Provided material =
● ● ● ●
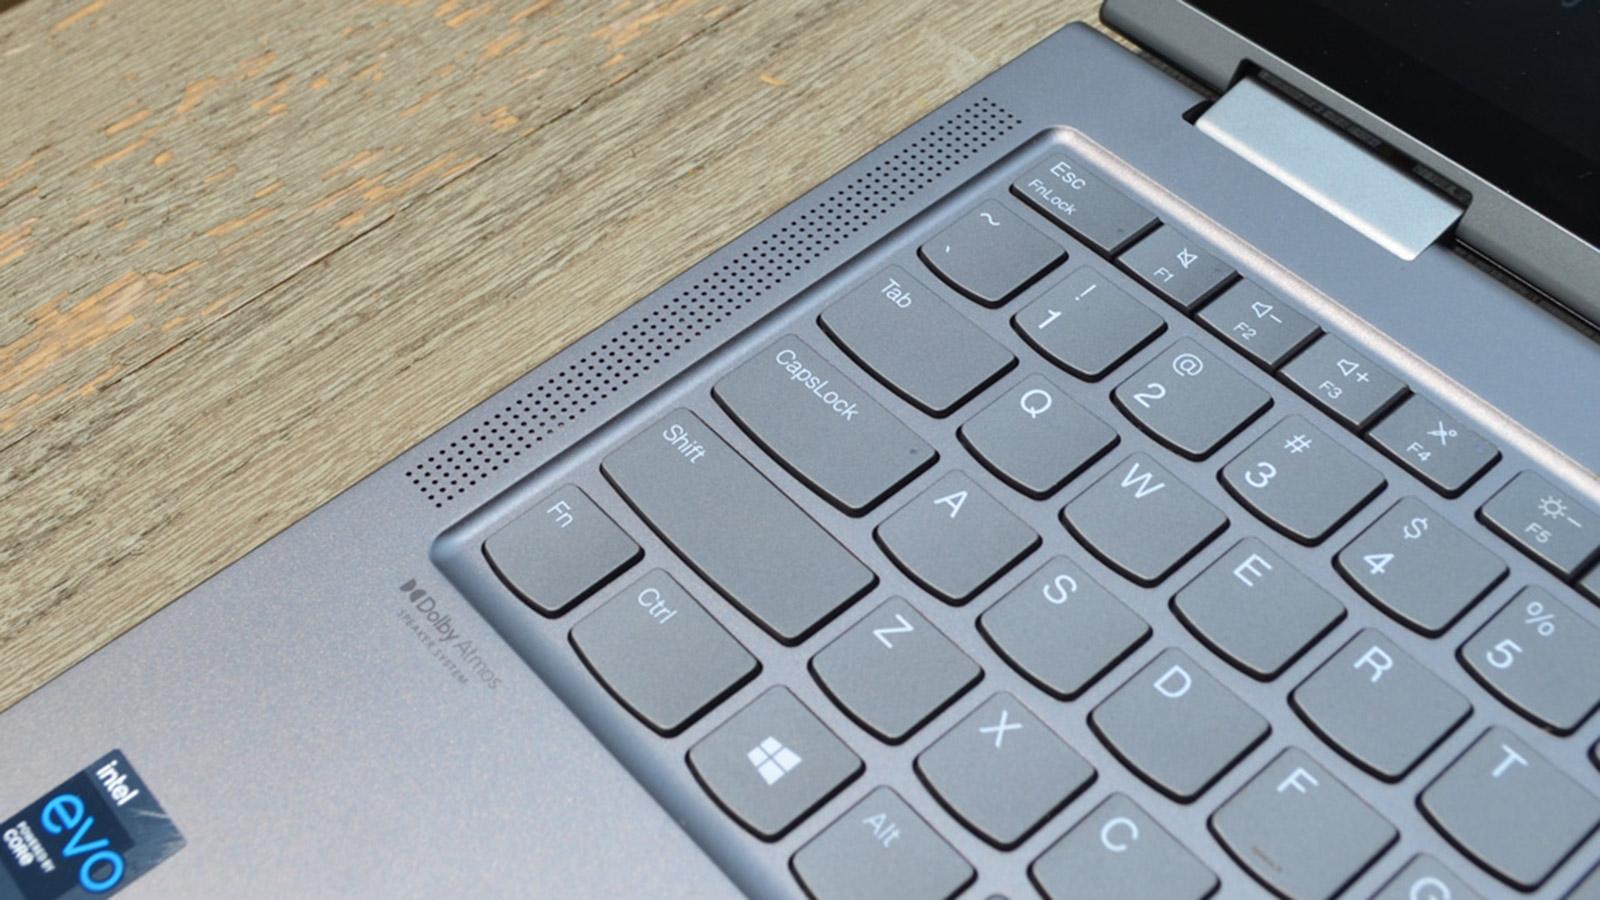 Lenovo ThinkPad X1 Yoga Gen 6 Speakers
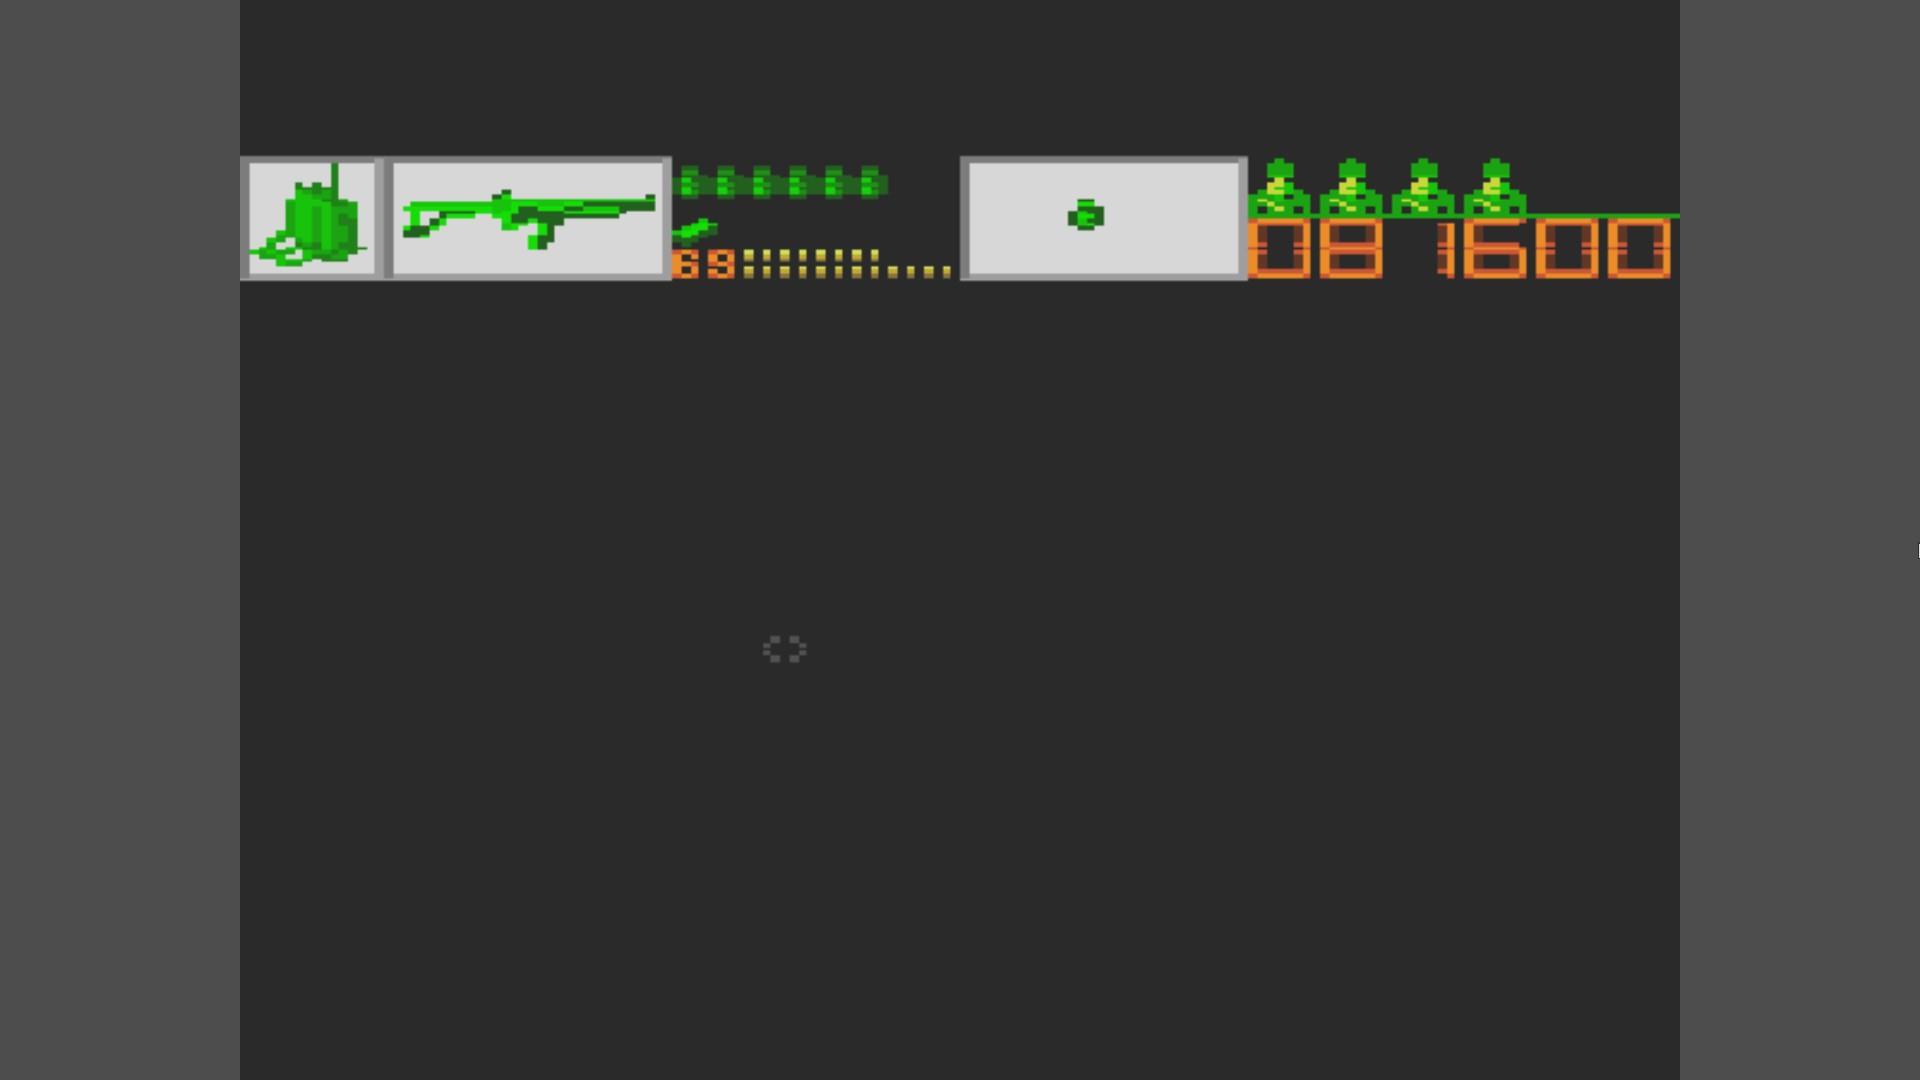 AkinNahtanoj: Alien Brigade: Standard (Atari 7800 Emulated) 81,600 points on 2020-10-09 06:12:43
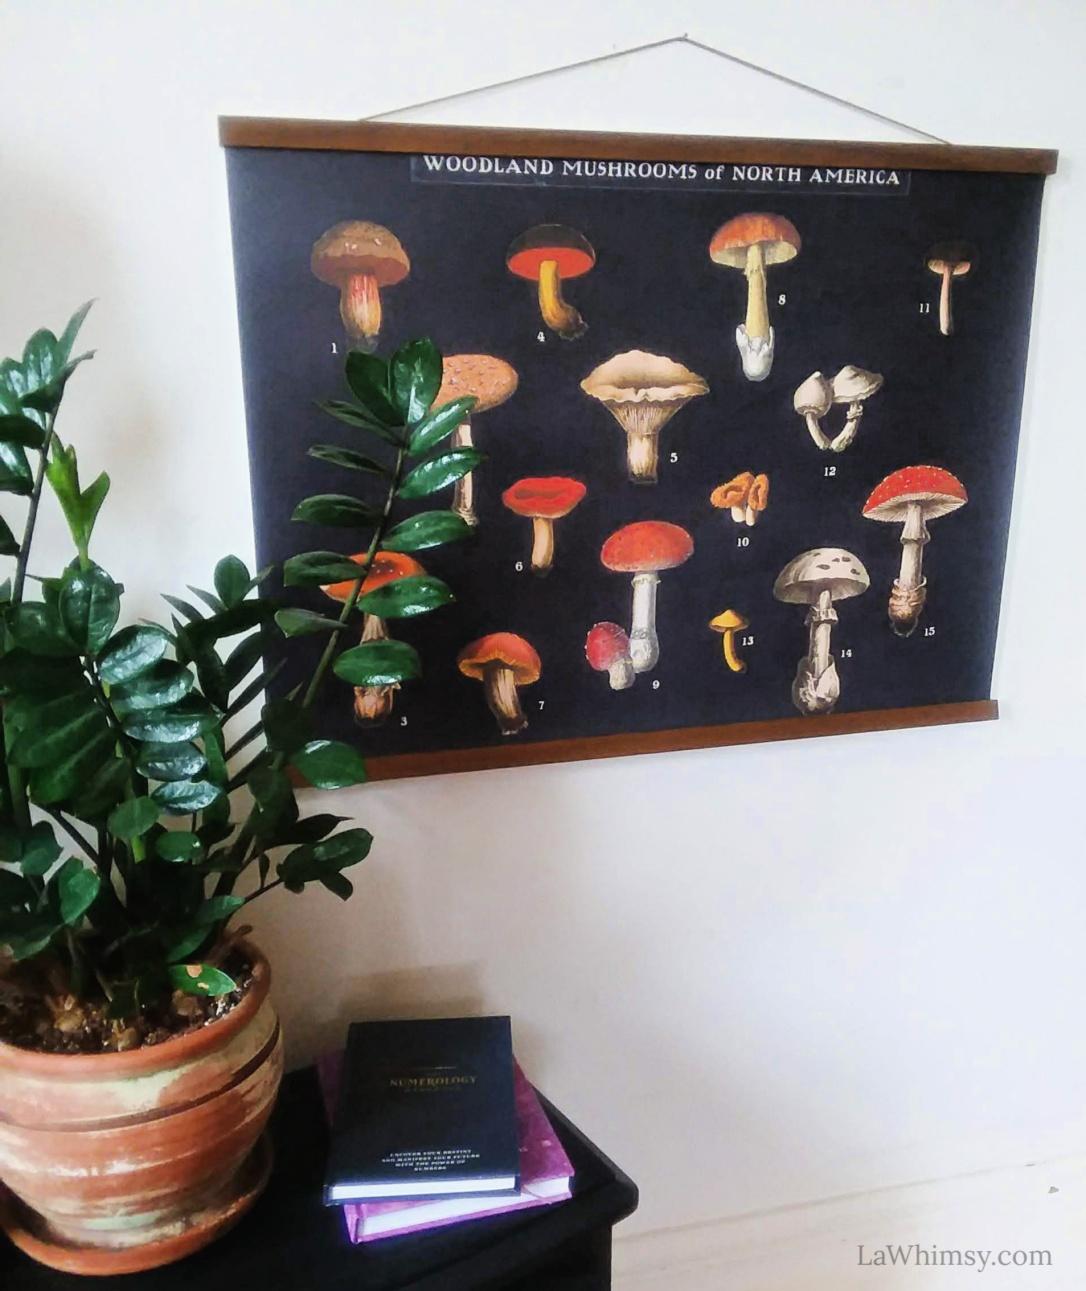 Mushroom Chart Wall Art via PhotoWall on LaWhimsy
● ● ● ●
Directions =
When you reach a picture, pass over it; write out all other material exactly.

Problem solution =
 Lenovo ThinkPad X1 Yoga Gen 6 Speakers
 AkinNahtanoj: Alien Brigade: Standard (Atari 7800 Emulated) 81,600 points on 2020-10-09 06:12:43
 Mushroom Chart Wall Art via PhotoWall on LaWhimsy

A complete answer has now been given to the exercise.